It could be tested either on the PEG.js author's site: [http://pegjs.majda.cz/online] or on the PEG.js Web-IDE: [http://peg.arcanis.fr/]

If somebody has answers for the previous questions (i.e. general approach for disambiguation of the grammar, examples to the expressions available in PEG.js) as well as improvement advices to the grammar itself (this is I think far away from an ideal grammar now), I would very appreciate!

回答1:

so why is it separated in so many nesting levels and even undefined is included in the output?

If you look at the documentation for PEG.js, you'll see almost every operator collects the results of its operands into an array. undefined is returned by the ! operator.

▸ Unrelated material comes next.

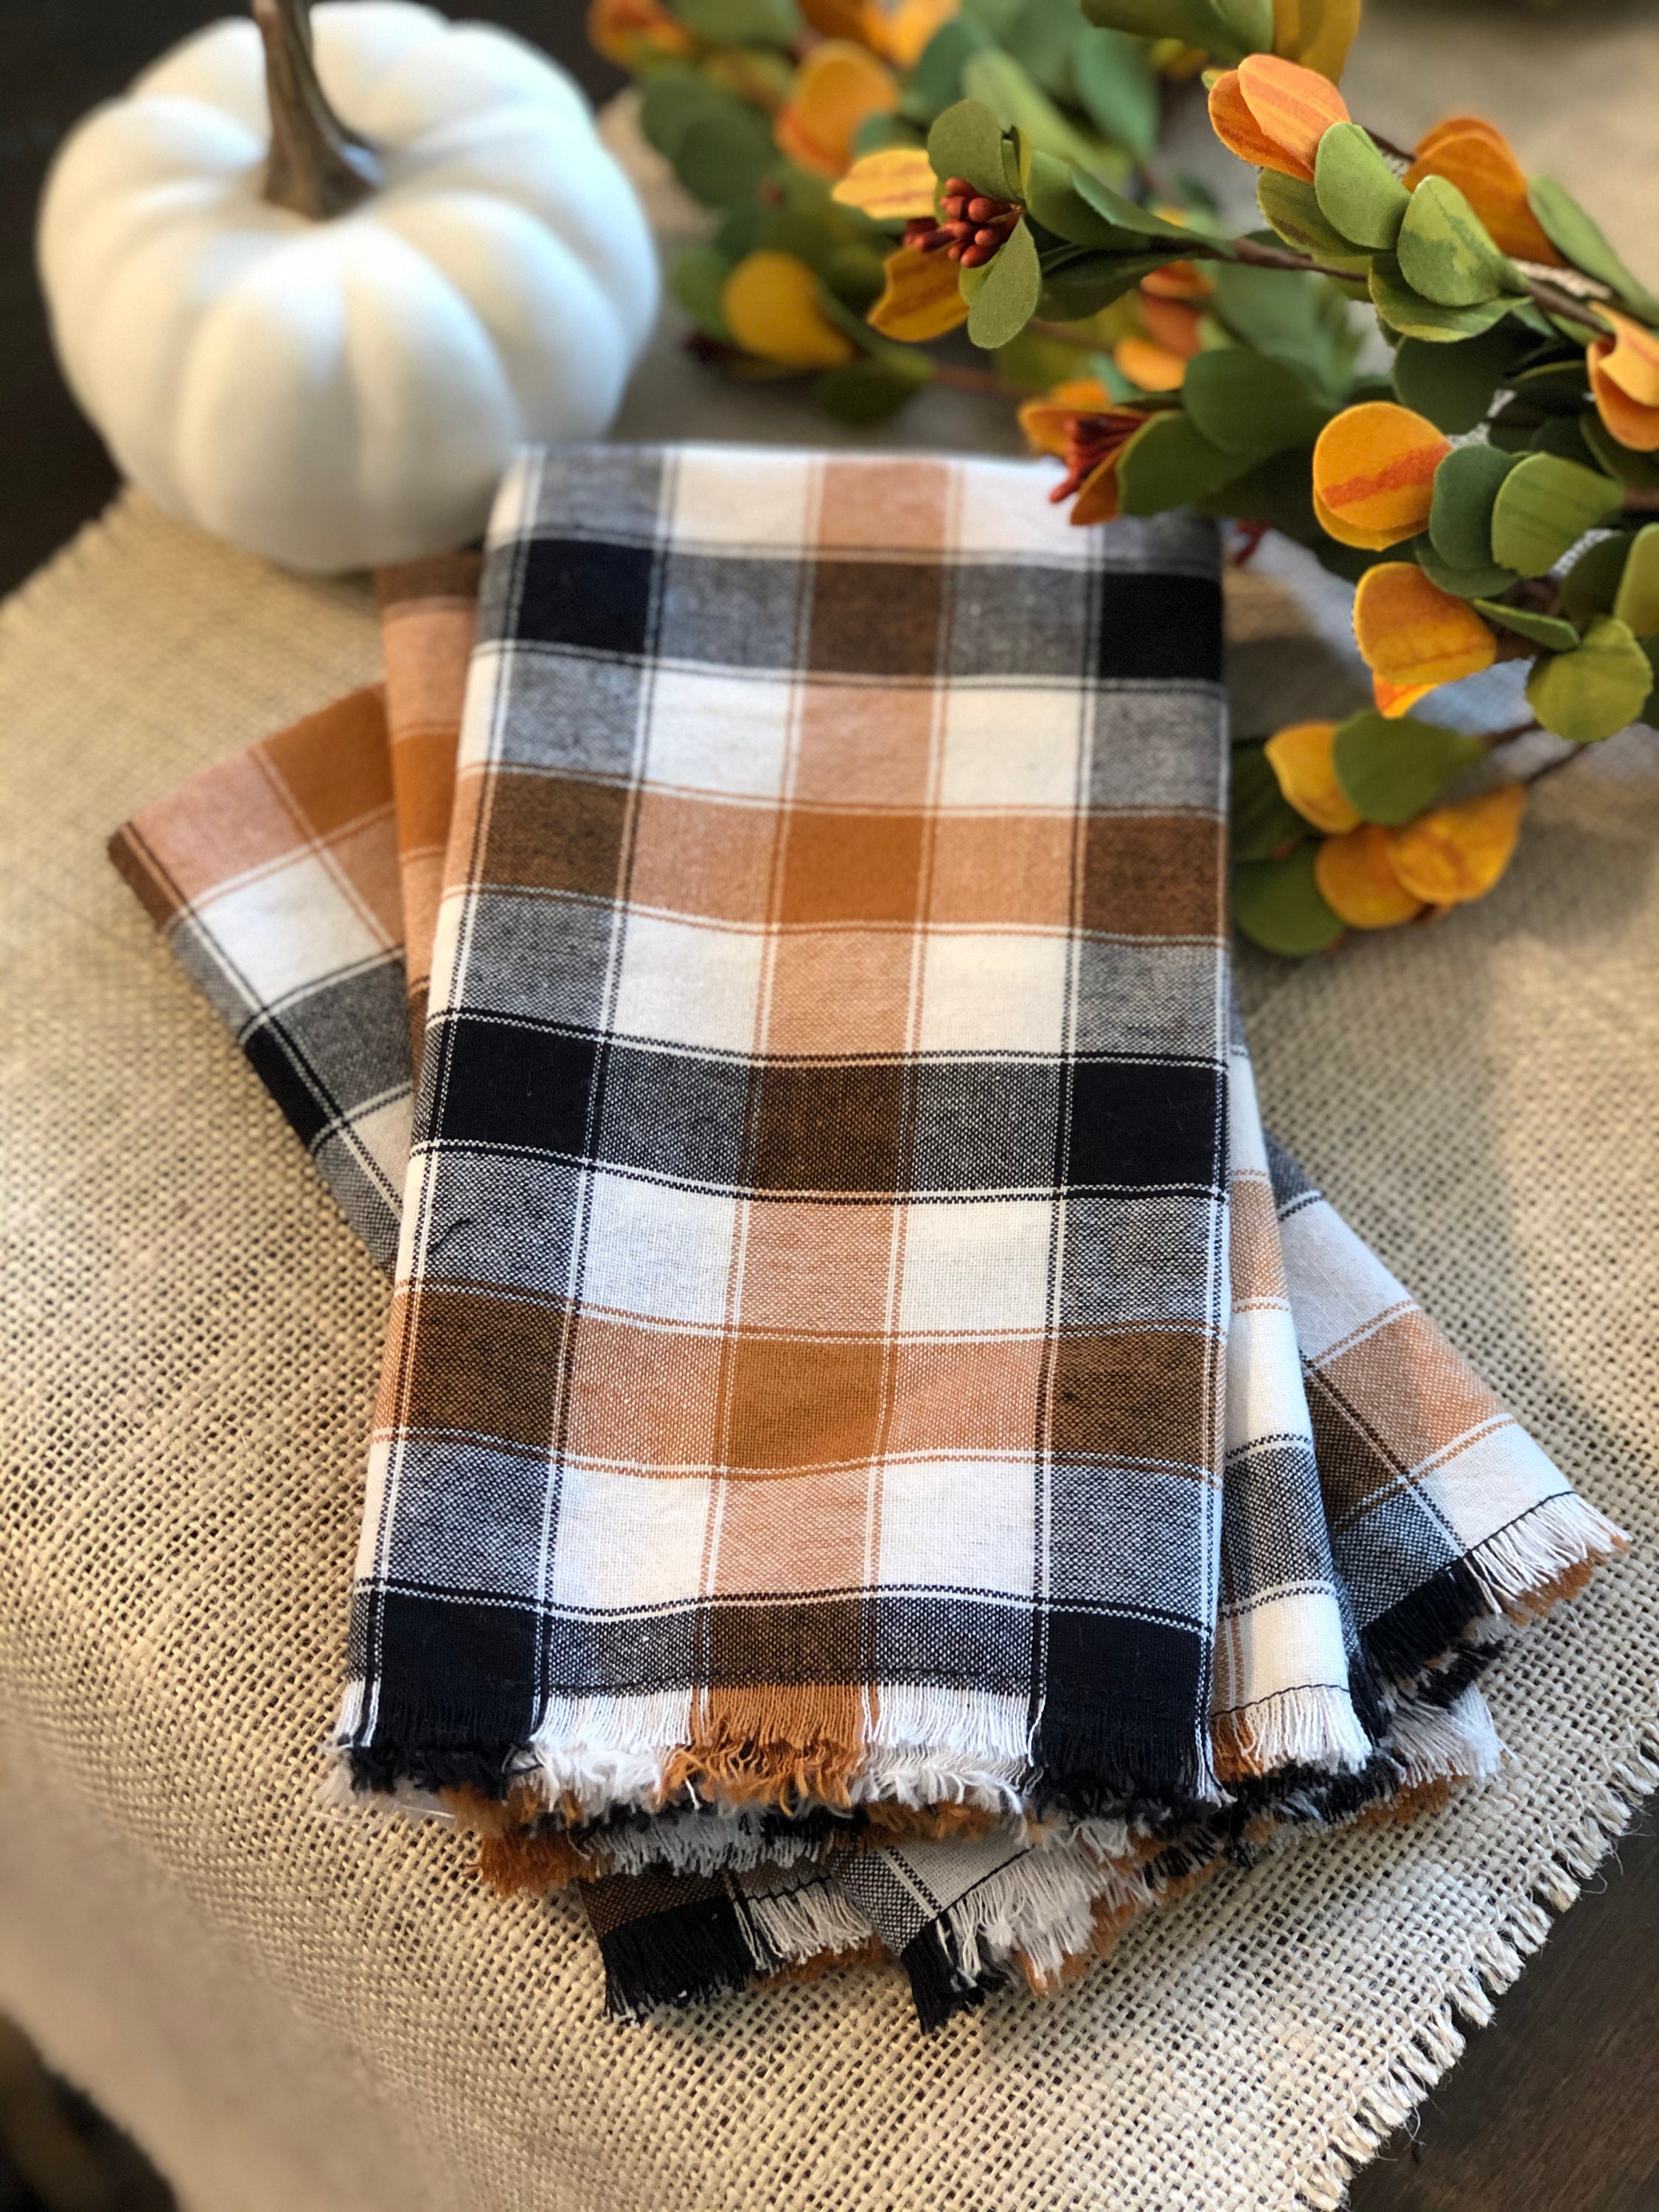 Fennco Styles Autumn Buffalo Plaid Cotton Cloth Napkins 20 W x 20 L, Set  of 4 - Orange Dinner Napkins for Everyday Use, Home, Dining Table Décor,  Banquets, Christmas, Special Events 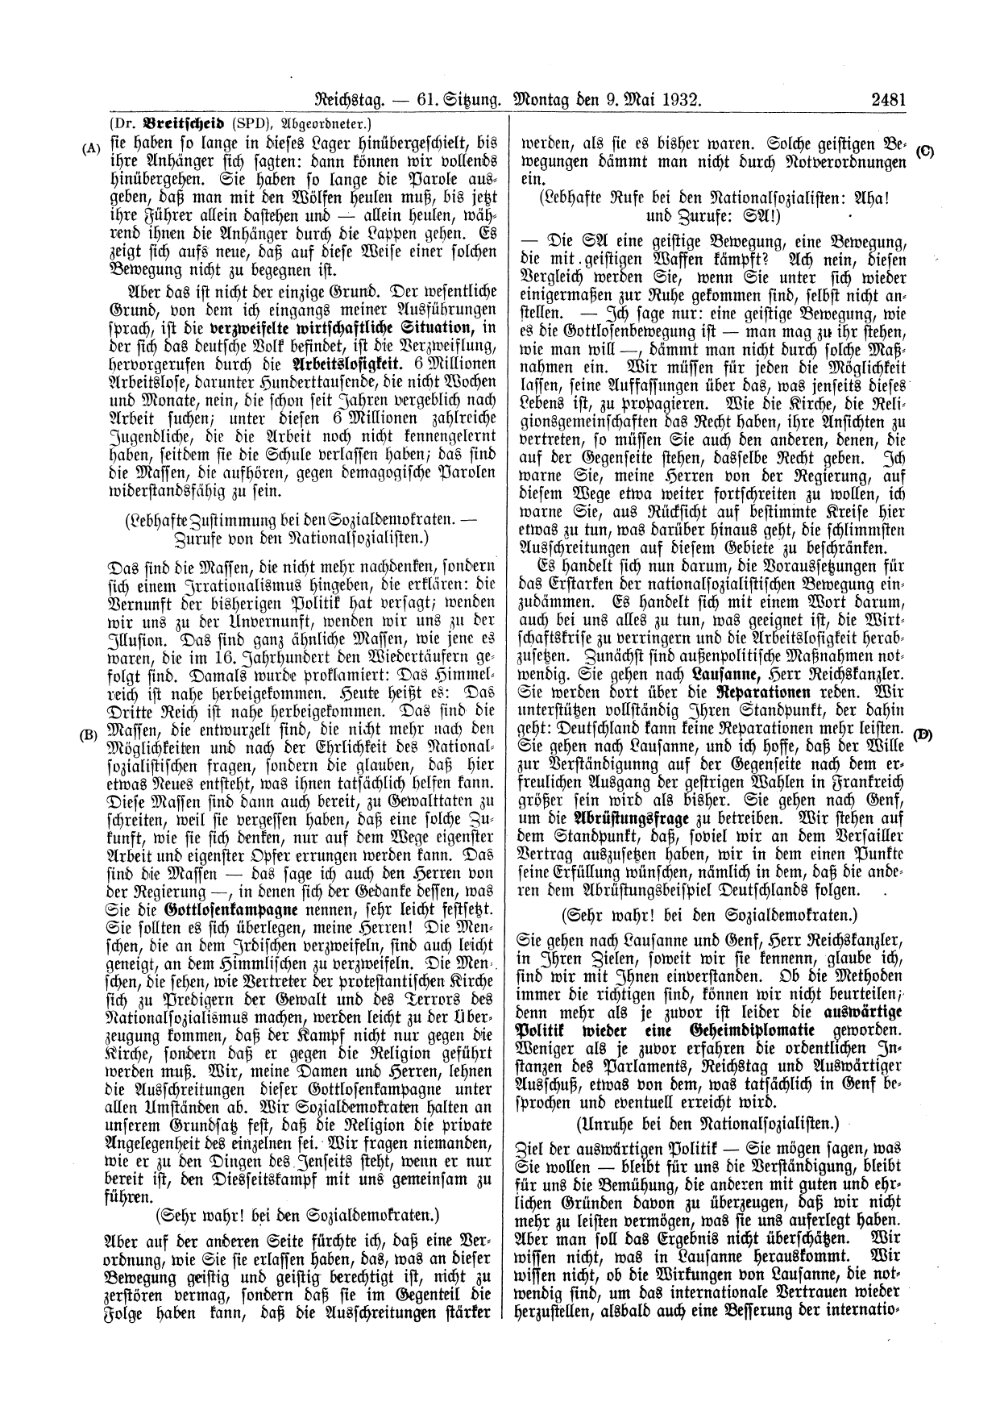 Scan of page 2481

The $ operator bypasses all this nesting and just gives you the actual string that matches, eg: [a-z]+ will give an array of letters, but $[a-z]+ will give a string of letters.

I think most of the parsing here follows the pattern: "give me everything until I see this string". You should express this in PEG by first using ! to make sure you haven't hit the terminating string, and then just taking the next character. For example, to get everything up to " abbr -":

(!" abbr -" .)+

If the terminating string is a single character, you can use [^] as a short form of this, eg: [^x]+ is a shorter way of saying (!"x" .)+.

Parsing comma/semicolon separated phrases rather than comma/semicolon terminated phrases is slightly annoying, but treating them as optional terminators seems to work (with some triming).

start = $(!" abbr -" .)+ " abbr -" $num "." [ ]? "(012)" 
  phrase_comma+ "- (" noq_phrase_semi+ q_phrase_semi+ ")"
  $.*
phrase_comma    =      p:$[^-,]+    [, ]* { return p.trim() }
noq_phrase_semi = !'"' p:$[^;]+     [; ]* { return p.trim() }
q_phrase_semi   =  '"' p:$[^"]+ '"' [; ]* { return p }
num = [0-9]+

gives

[
    "simple word",
    " abbr -",
    "8",
    ".",
    " ",
    "(012)",
    [
        "word",
        "simple phrase",
        "one another phrase"
    ],
    "- (",
    [
        "simply dummy text of the printing",
        "Lorem Ipsum : \"Lorem\" - has been the industry's standard dummy text, ever since the 1500s!"
    ],
    [
        "It is a long established!",
        "Sometimes by accident, sometimes on purpose (injected humour and the like)",
        "sometimes on purpose"
    ],
    ")",
    " This is the end of the line"
]